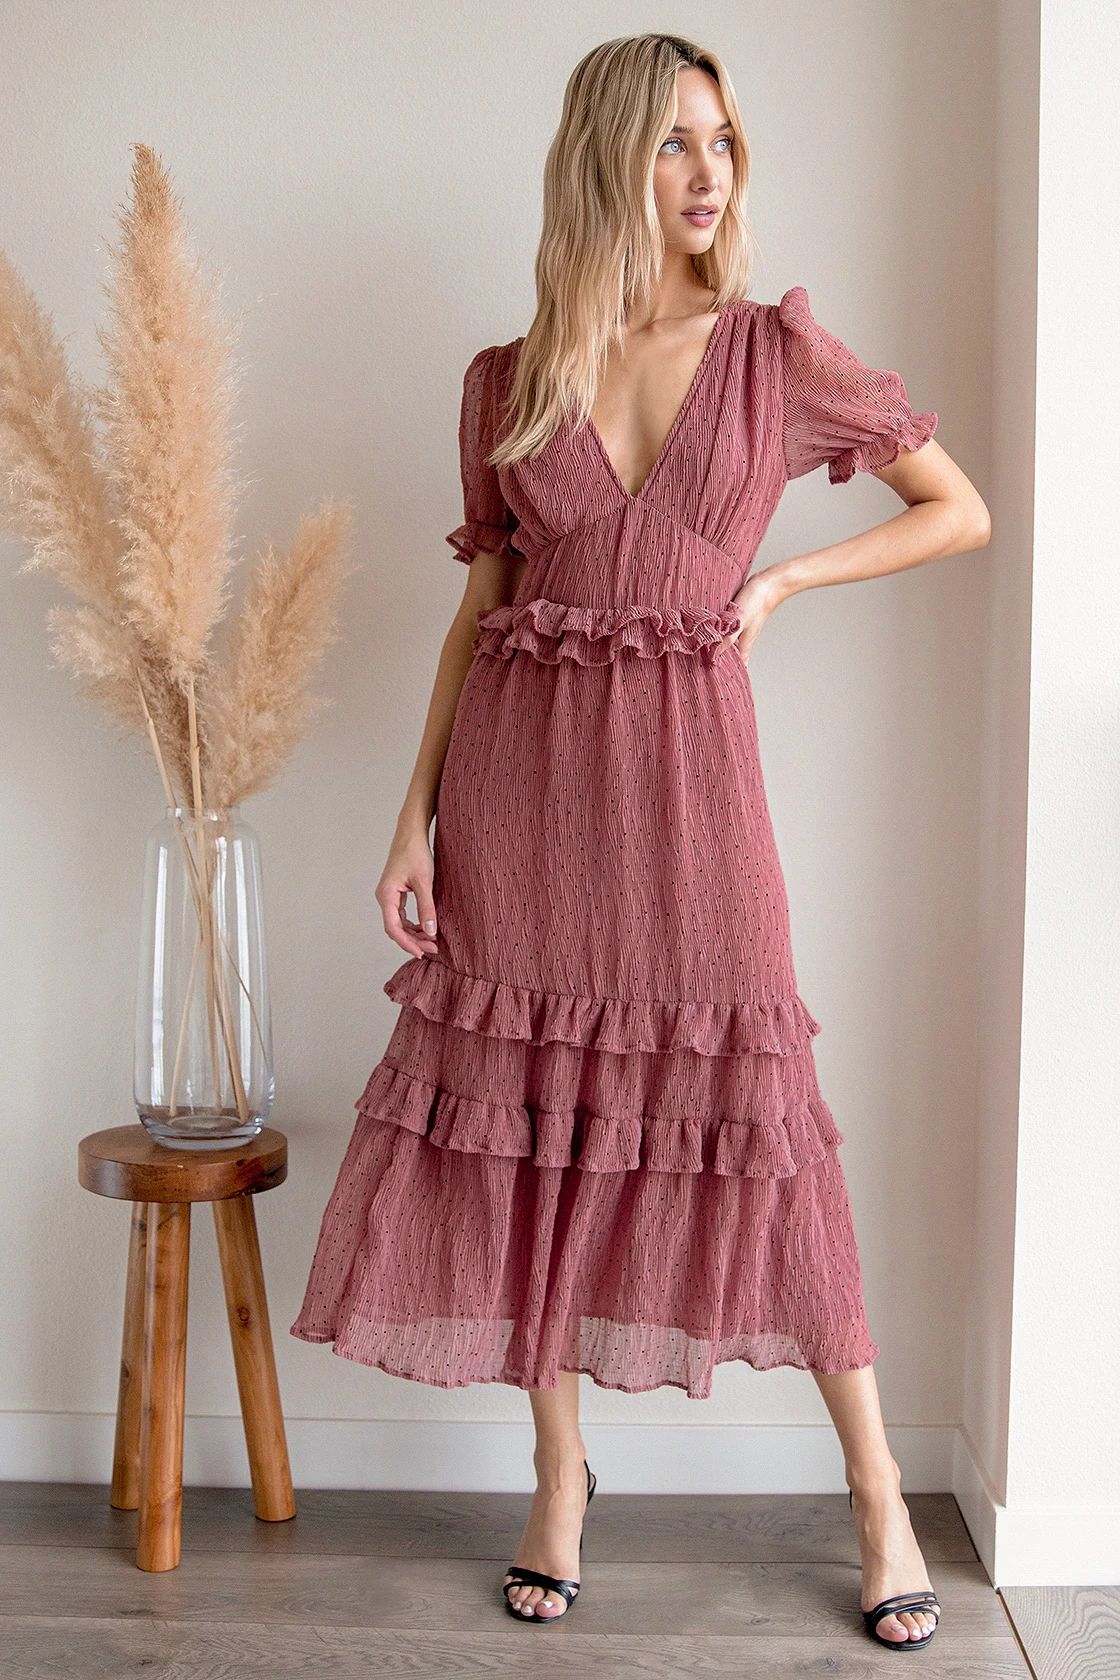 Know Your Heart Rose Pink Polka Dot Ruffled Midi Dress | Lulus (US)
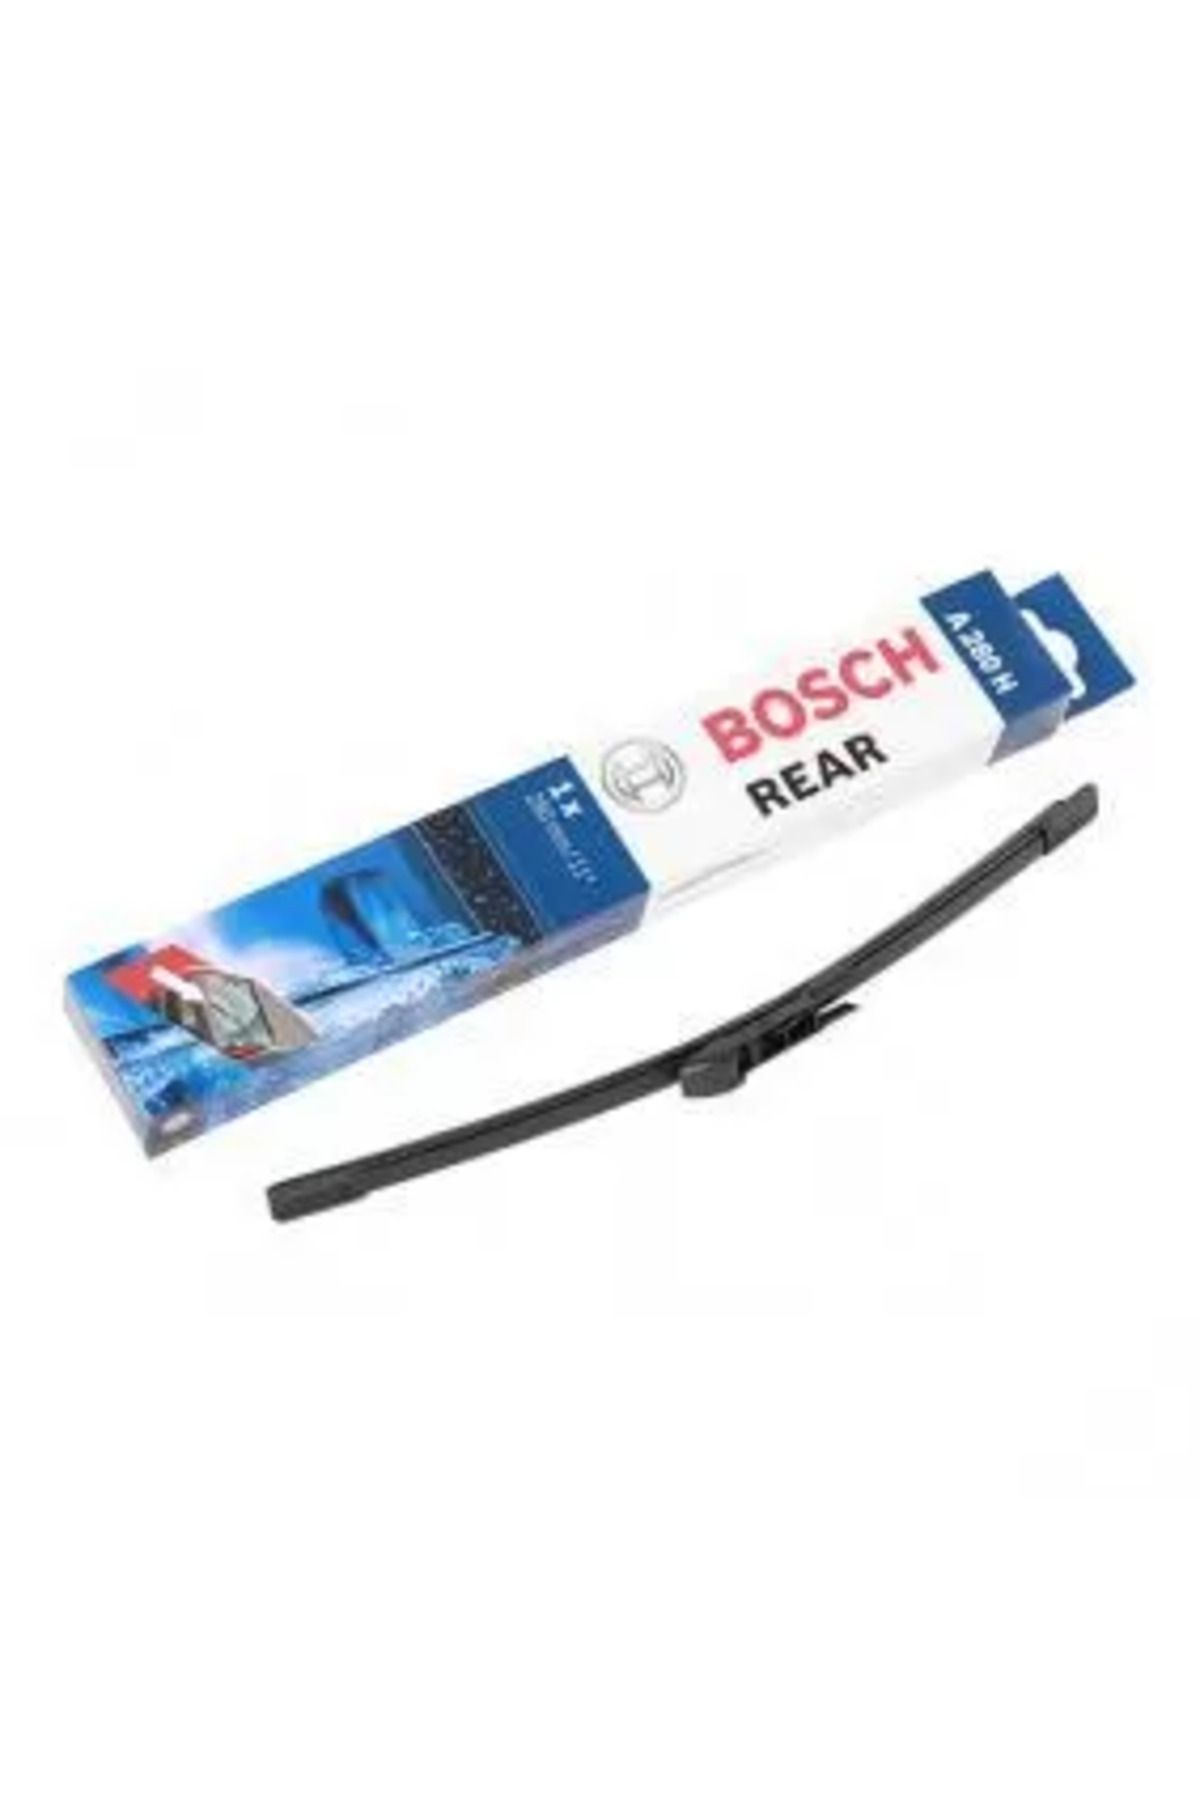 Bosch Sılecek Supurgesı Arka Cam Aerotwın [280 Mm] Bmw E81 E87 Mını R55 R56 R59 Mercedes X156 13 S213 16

...

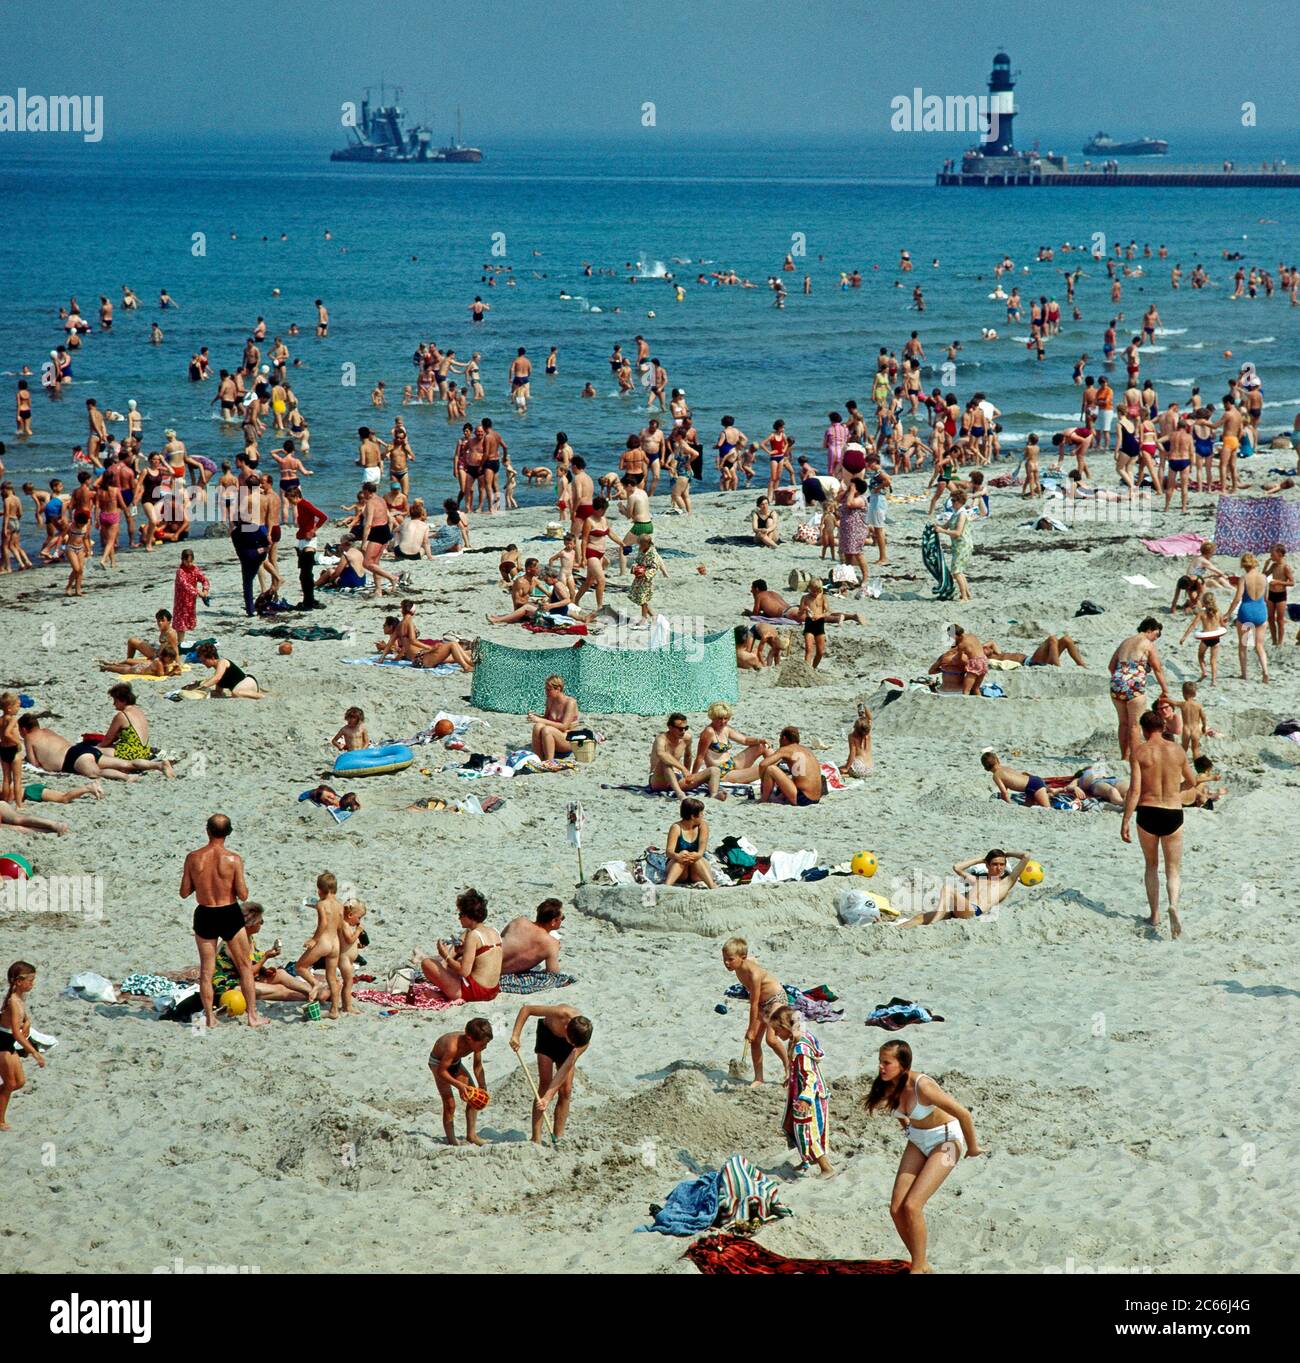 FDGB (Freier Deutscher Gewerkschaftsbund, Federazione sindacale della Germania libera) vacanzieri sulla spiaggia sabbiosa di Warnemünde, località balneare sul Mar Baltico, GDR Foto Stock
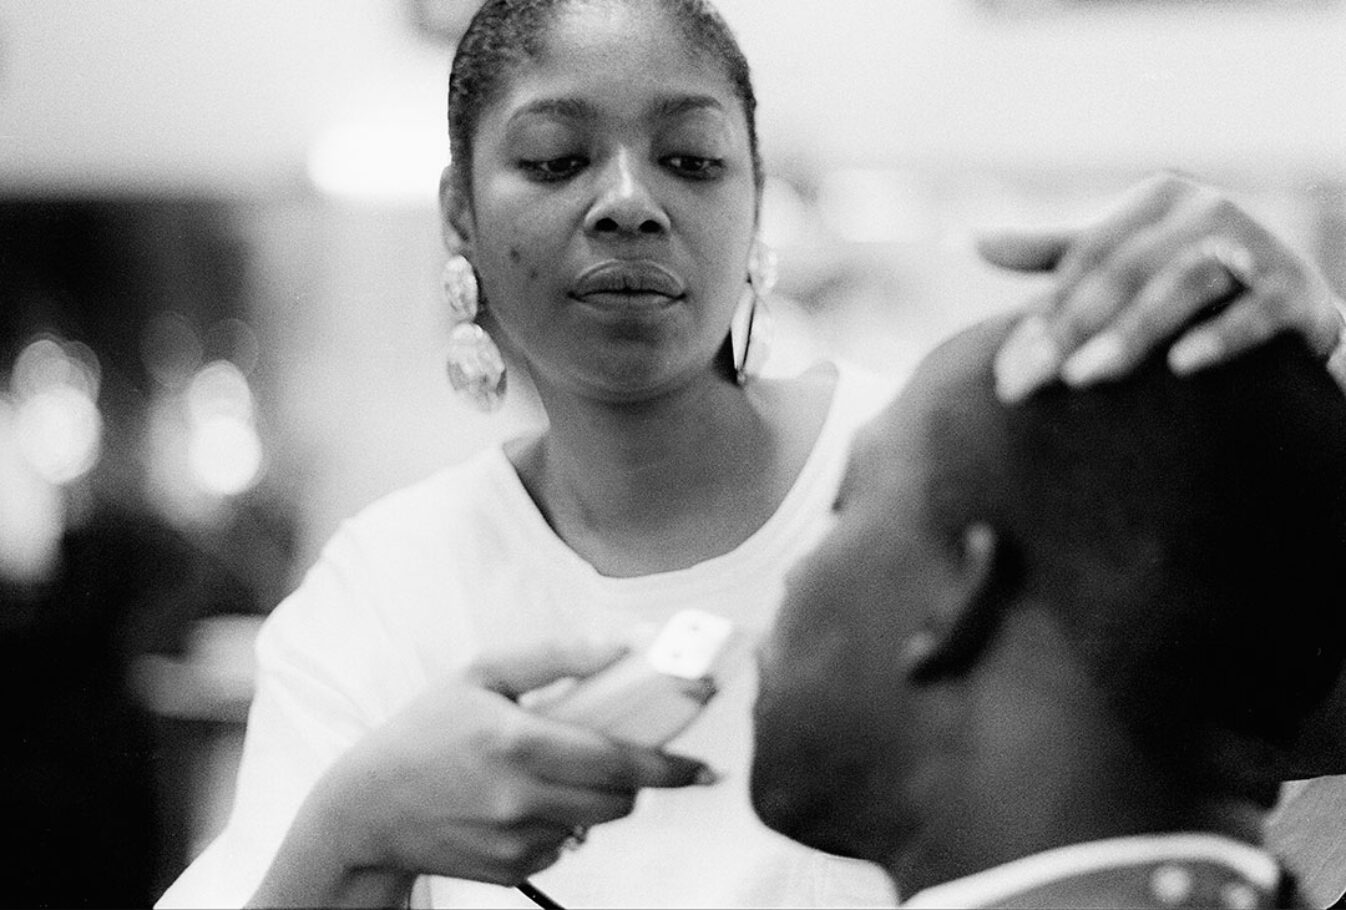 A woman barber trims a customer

◆ Instructions for the task ◆
Because only one stretch of the records is wanted, please output the lines from the one holding "Know Your Heart" through the one holding "Bosch Sılecek Supurgesı" exactly, both included, and leave every picture out.

◆ Result of the exercise ◆
 Know Your Heart Rose Pink Polka Dot Ruffled Midi Dress | Lulus (US)
 Bosch Sılecek Supurgesı Arka Cam Aerotwın [280 Mm] Bmw E81 E87 Mını R55 R56 R59 Mercedes X156 13 S213 16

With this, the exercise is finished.